To better understand the guideline, Science and Technology Daily (S&T Daily) interviewed Professor Zhai Xiaomei, a member of the World Health Organization (WHO) Expert Advisory Committee on Developing Global Standards for Governance and Oversight of Human Genome Editing.
"Genome editing's potential to alter human genetic material holds promise for the prevention and treatment of many genetic diseases, but also raises many ethical, legal and social issues," said Zhai. She said the guideline clarifies the "can do's" and "can't do's" of gene editing technology, with "improving human welfare" as the first principle of editing. It also says human genome editing research should be developed for the good.
Significance of the guideline
In July 2021, WHO issued new recommendations on human genome editing for public health, with the aim of helping the world consider the safety, efficacy, and ethical use of human genome editing as a public health tool. As Dr. Soumya Swaminathan, chief scientist of WHO, said, "As global research delves deeper into the human genome, we must minimize risks and leverage ways that science can drive better health for everyone, everywhere."
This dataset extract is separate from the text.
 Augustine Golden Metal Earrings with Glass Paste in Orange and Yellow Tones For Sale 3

The guideline was issued in this context. "It highlights the significant scientific value of genome editing and emphasizes that the academic community should fully consider the potential risks of this technology to individuals, society and humanity," Zhai said.
To ensure this, the guideline sets out the basic ethical principles that human genome editing research should uphold and the special ethical requirements, and makes the analysis of the risks that may arise from genome editing as clear as possible, Zhai added.
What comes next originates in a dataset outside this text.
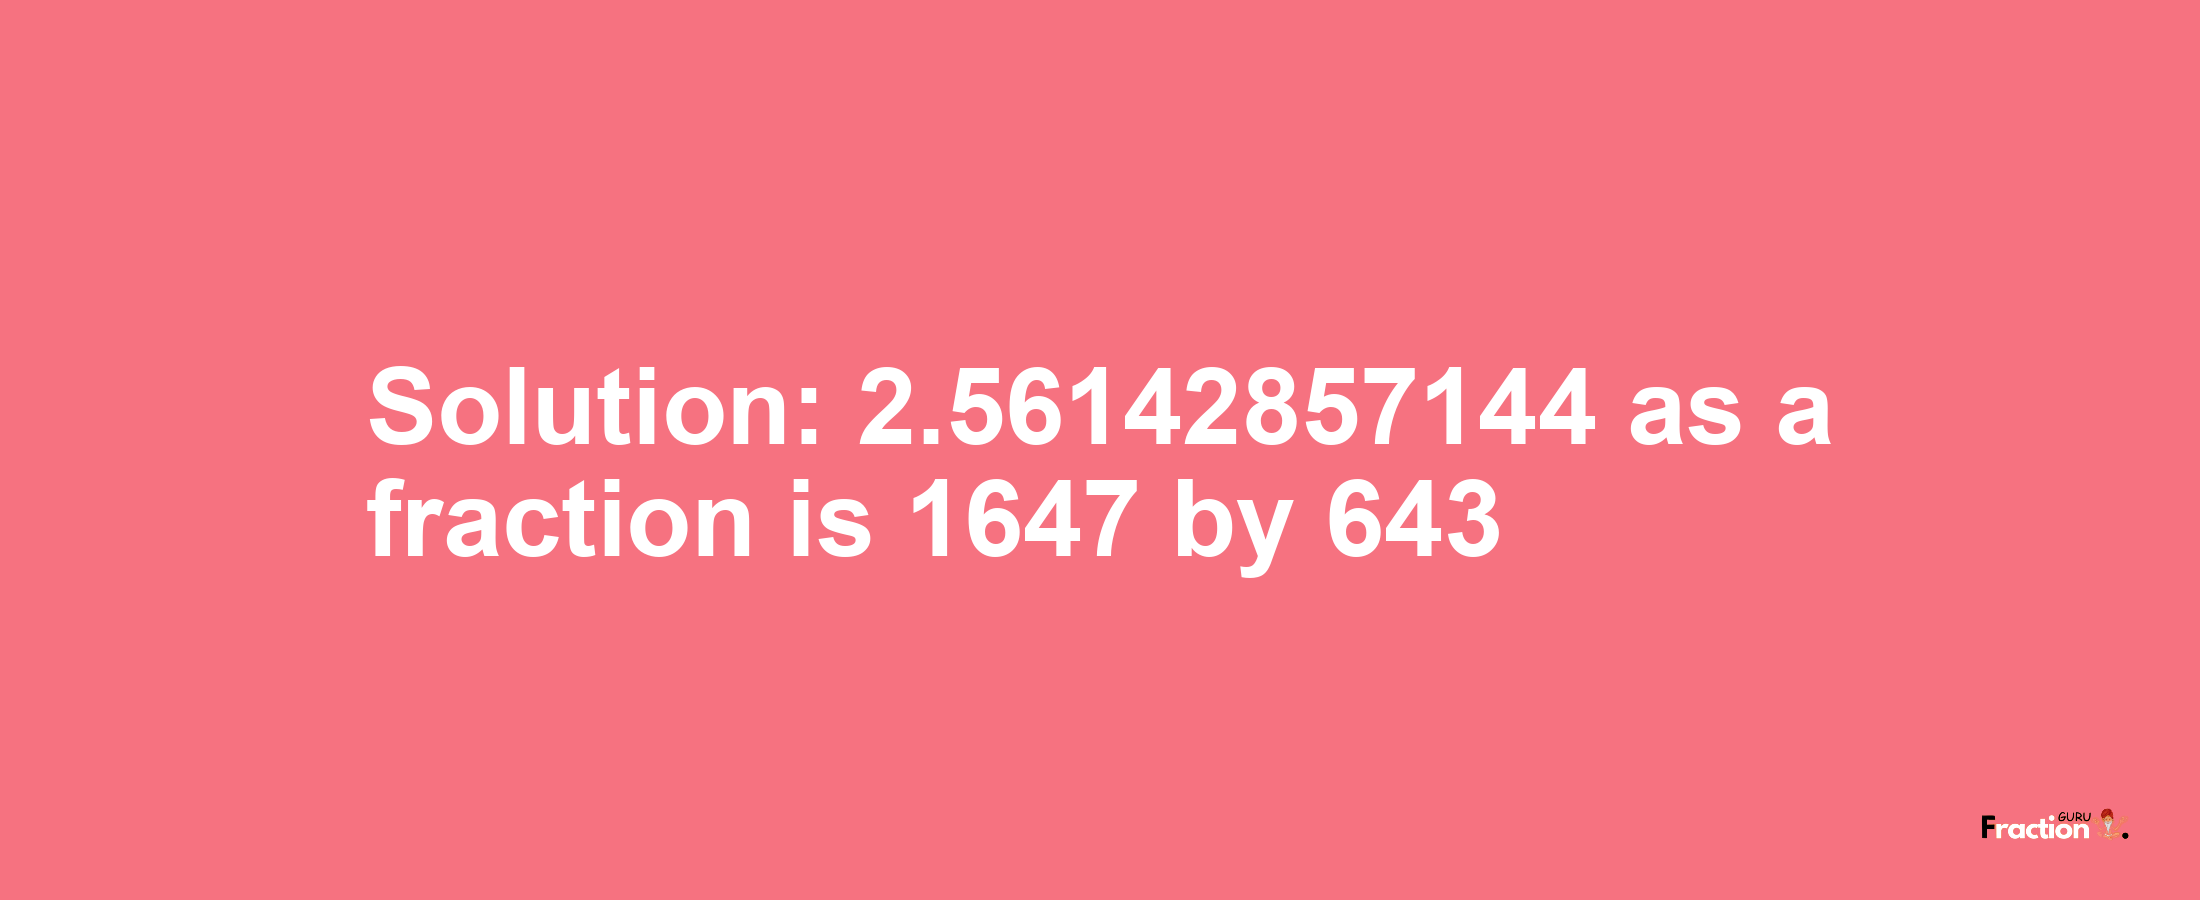 Solution:2.56142857144 as a fraction is 1647/643

Highlights of the guideline
According to Zhai, the guideline is significant as it clarifies the general and special requirements for human genome editing. It also highlights that in clinical research it's necessary to fully evaluate and address the severity of the disease and potential risks to strike a balance between action and prevention. Most importantly, it says it is irresponsible and impermissible to conduct any clinical research on germline genome editing at this time.
"Basic and preclinical research is necessary to understand the development of the human embryo, as well as research into diseases associated with the early development of the human embryo, and should continue," Zhai told S&T Daily. Even basic research or preclinical research needs to pay attention to ethical issues. For example, when research uses human biological material that has the potential to develop into human individuals, its origin and disposal after research should be ethically regulated.
The guideline also highlights that there are different ethical issues involved in basic research, preclinical research, clinical trials and clinical application transformation of human genome editing, Zhai said. She explained that the guideline analyzes the corresponding ethical requirements according to different characteristics, and strives to have stronger operability in practice.
In the future, with the development and progress of technology, clinical research on germline genome editing can be carried out under strict supervision after rigorous and prudent evaluation, if it complies with the regulatory framework of ethical and legal norms, according to Zhai.